ASSIGNED TASK: Extract the lines beginning at the one that holds "Auf Wachstumskurs: Aktuell" and ending at the final line of the material below, keeping them exact and leaving out all pictures.

(DATA EXTRACT)

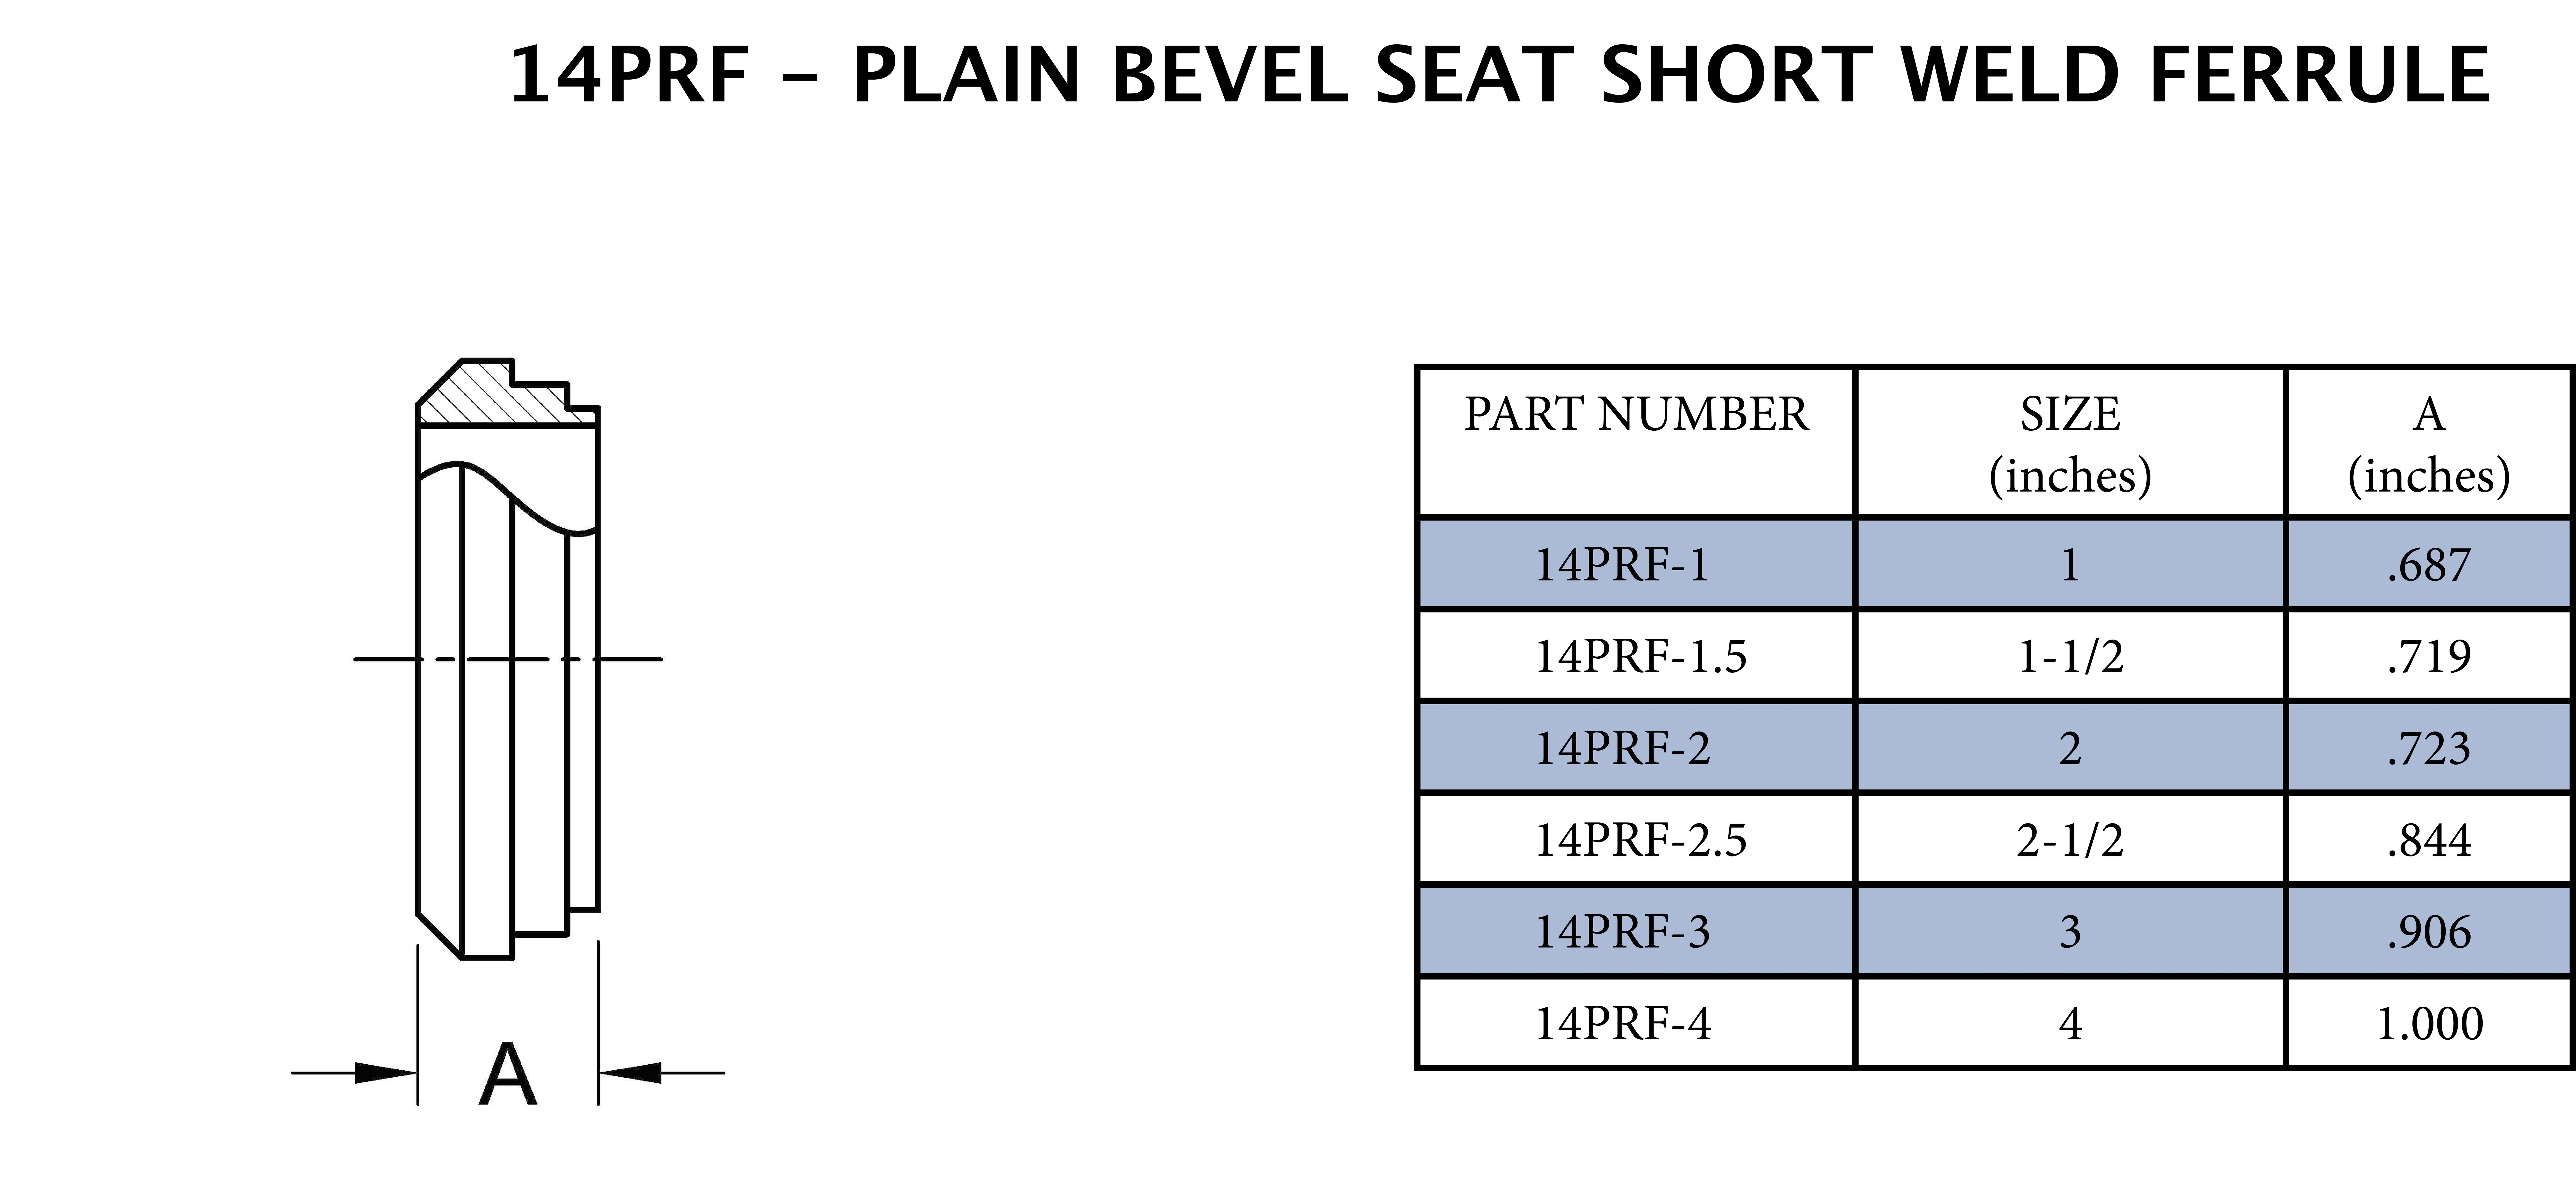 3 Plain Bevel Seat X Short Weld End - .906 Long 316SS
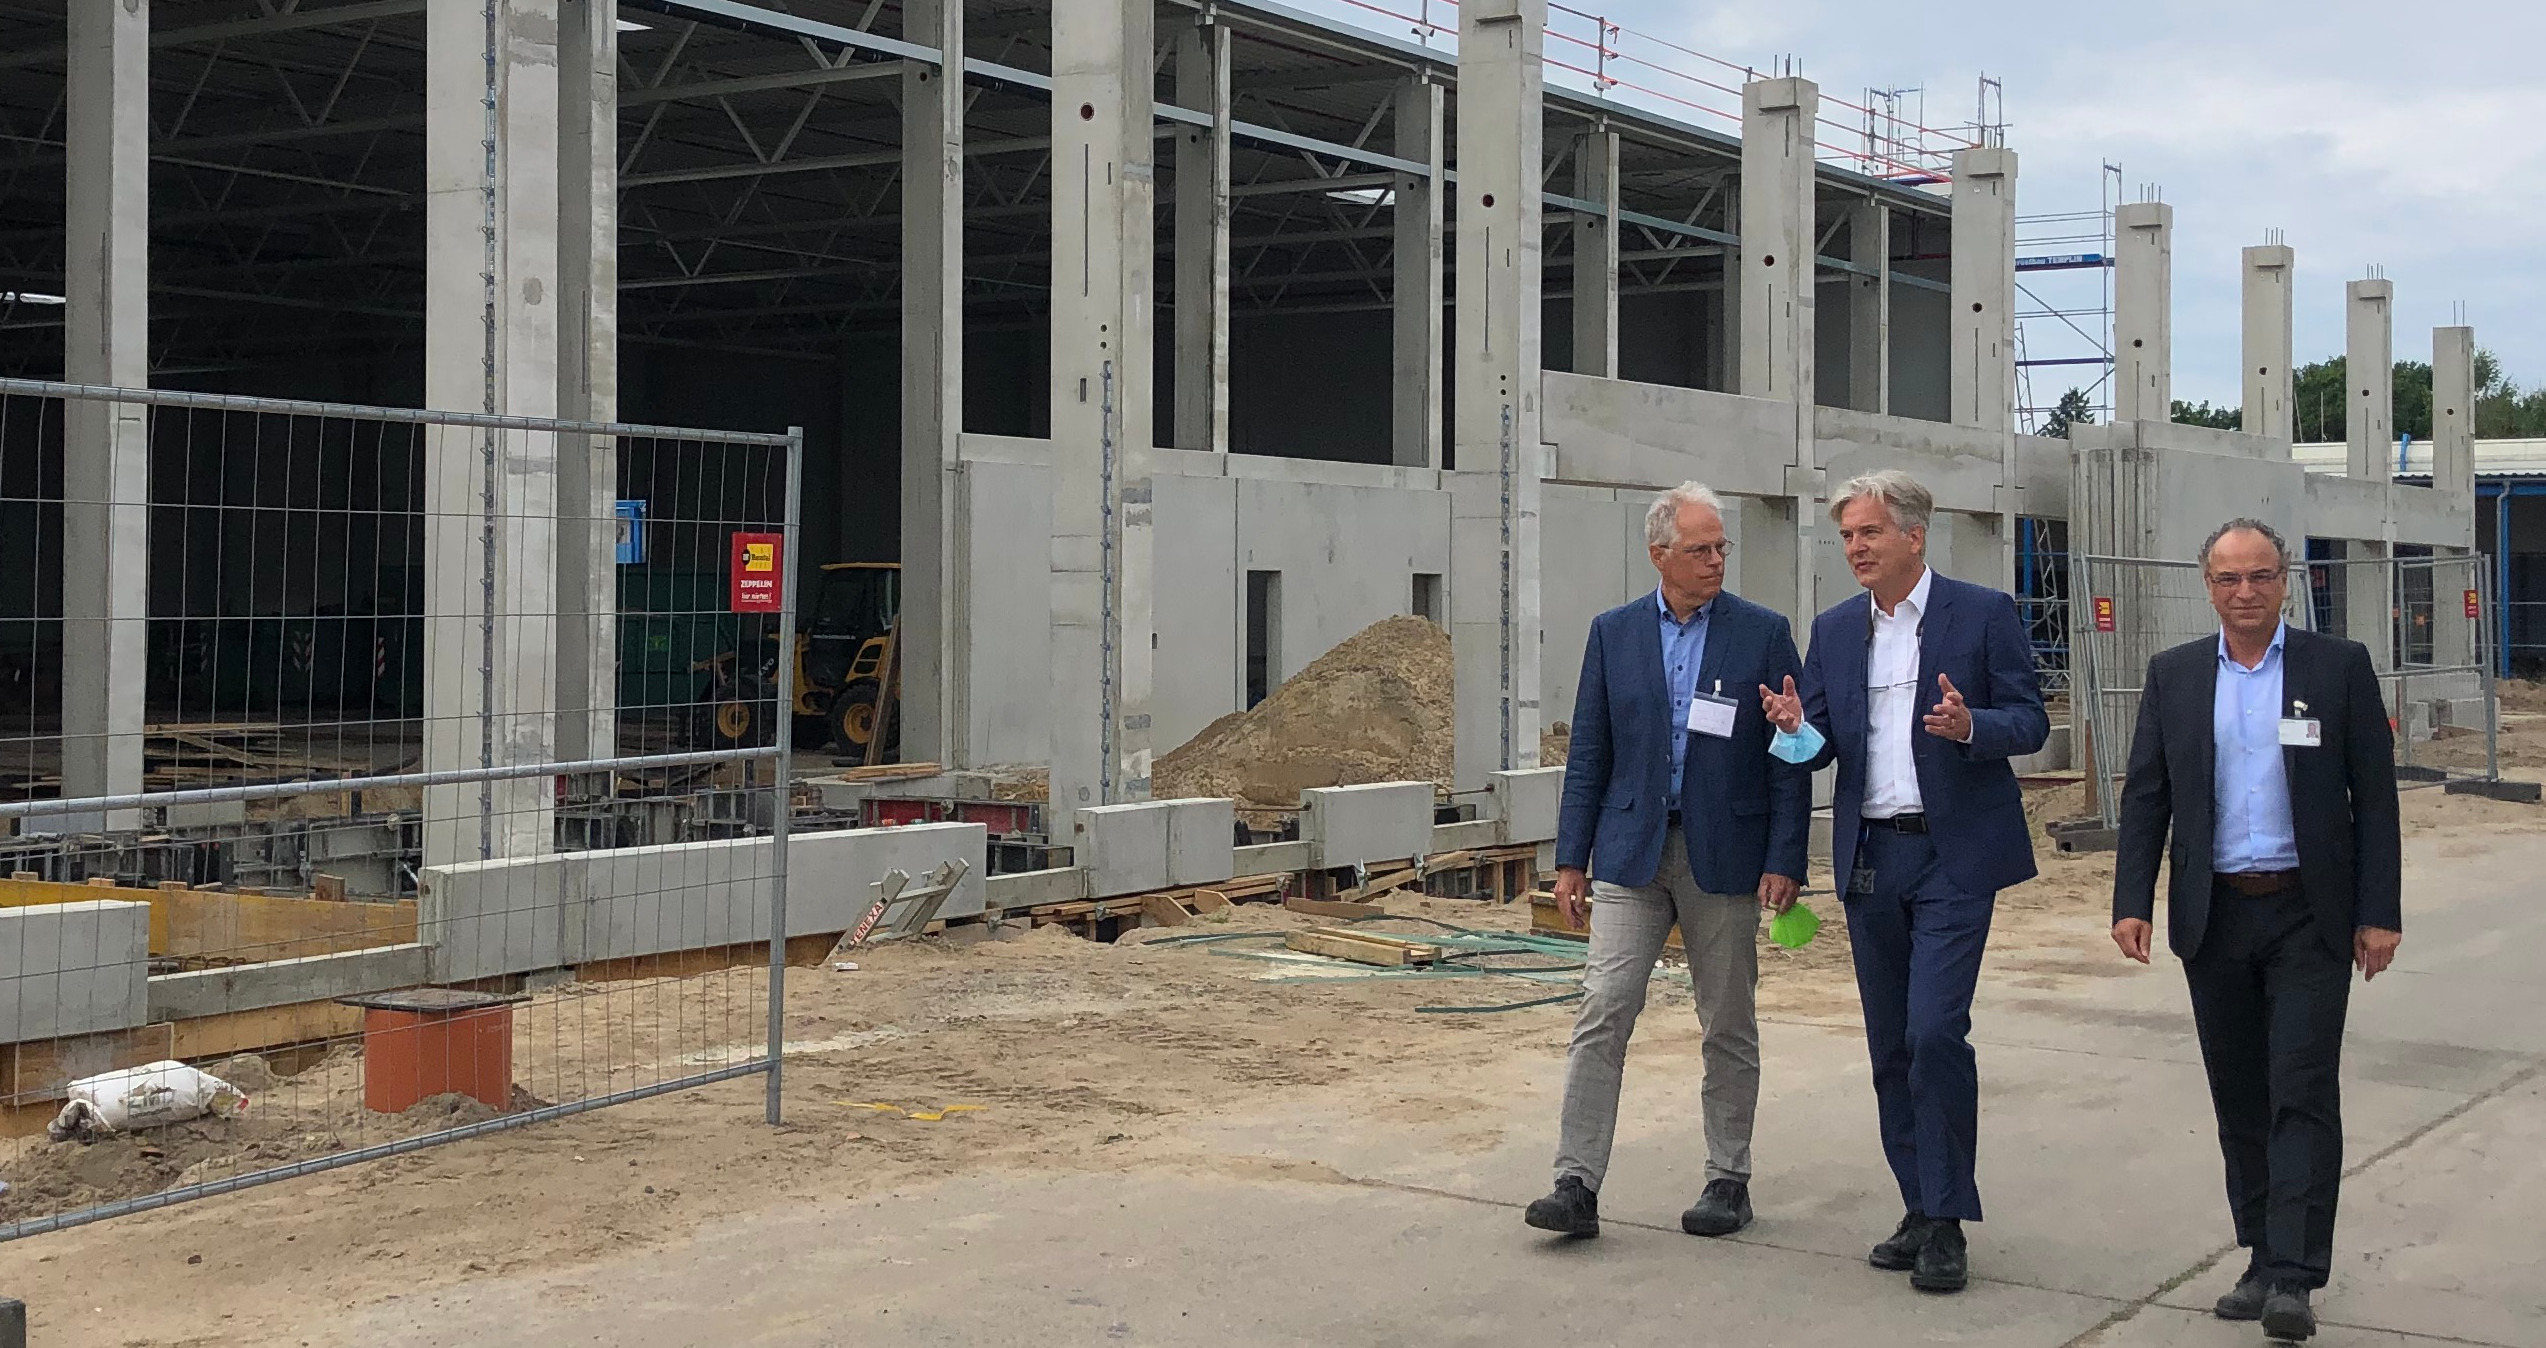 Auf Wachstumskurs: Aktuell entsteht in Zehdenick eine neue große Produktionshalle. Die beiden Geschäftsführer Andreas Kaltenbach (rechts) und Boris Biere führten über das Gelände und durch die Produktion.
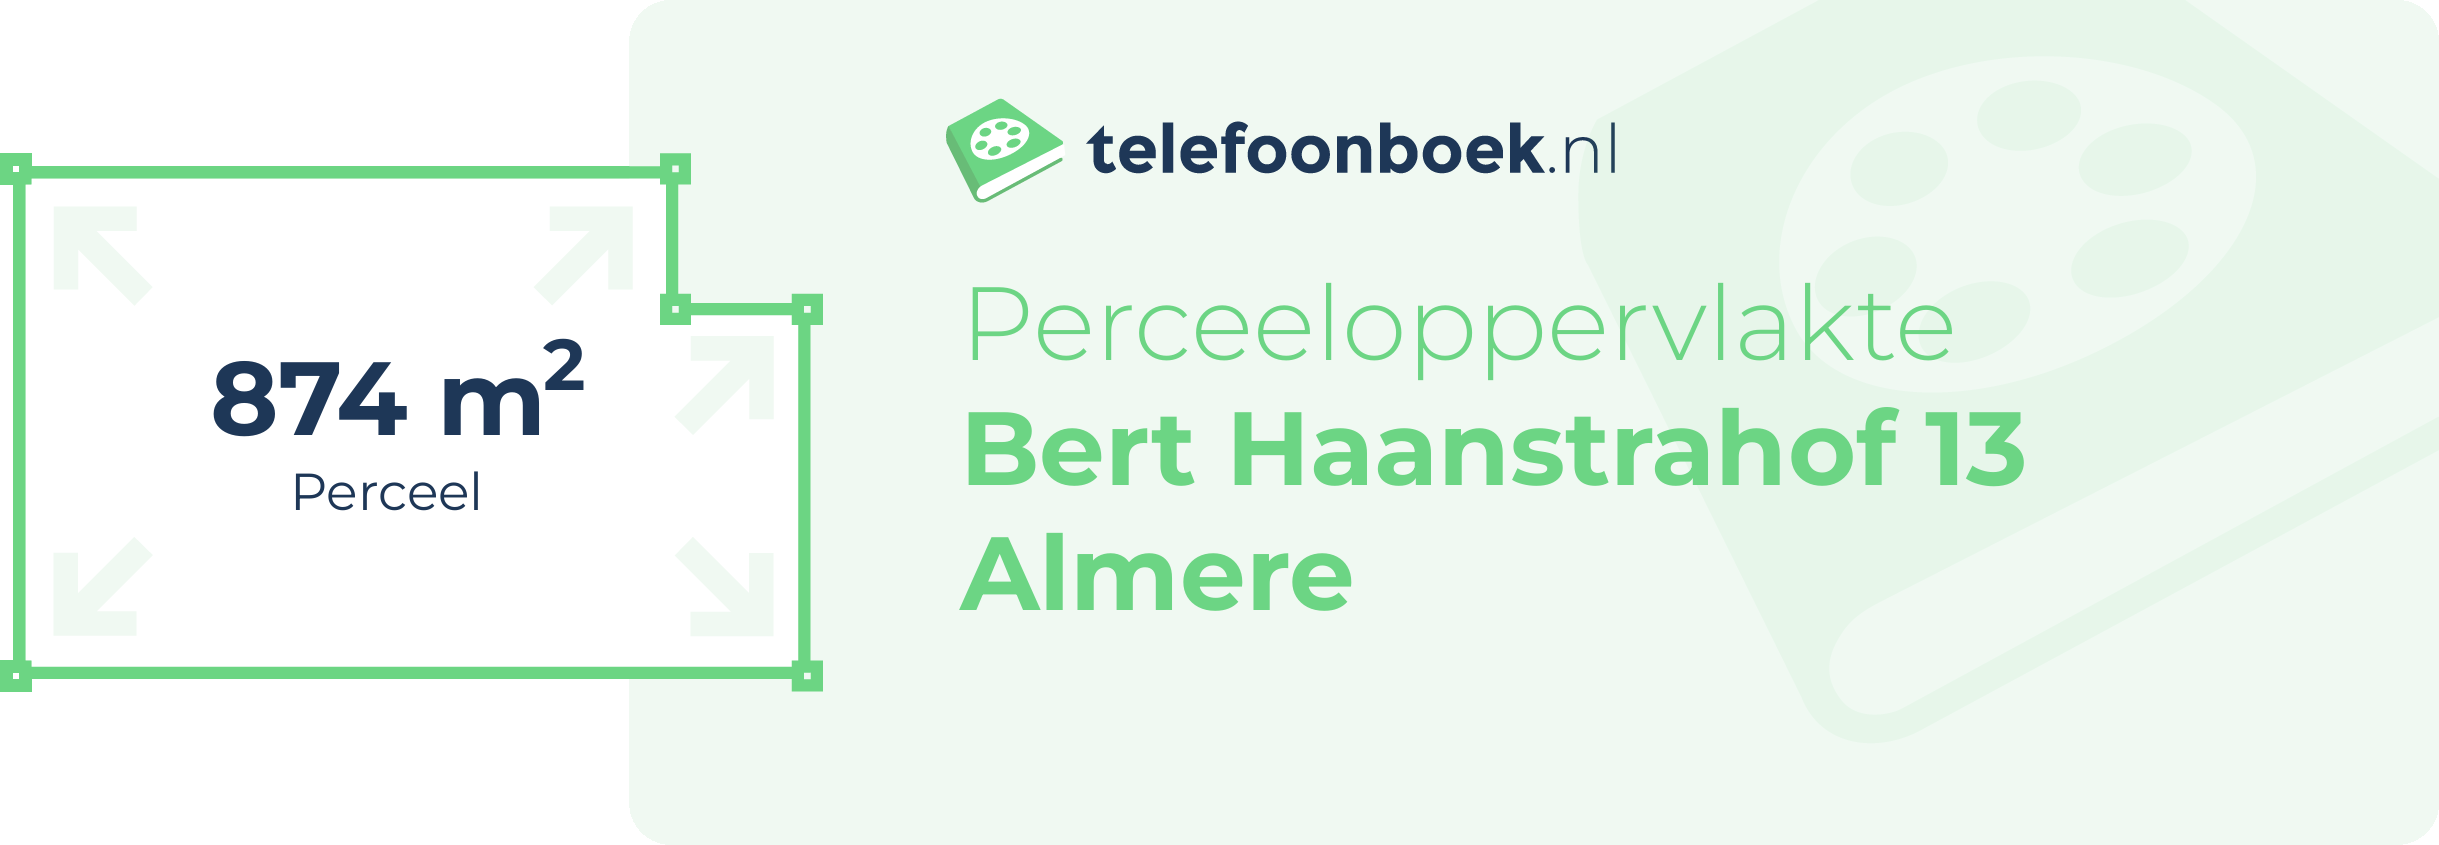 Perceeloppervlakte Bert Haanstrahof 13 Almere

(End DATA EXTRACT)

YOUR RESPONSE:
 Auf Wachstumskurs: Aktuell entsteht in Zehdenick eine neue große Produktionshalle. Die beiden Geschäftsführer Andreas Kaltenbach (rechts) und Boris Biere führten über das Gelände und durch die Produktion.
 Perceeloppervlakte Bert Haanstrahof 13 Almere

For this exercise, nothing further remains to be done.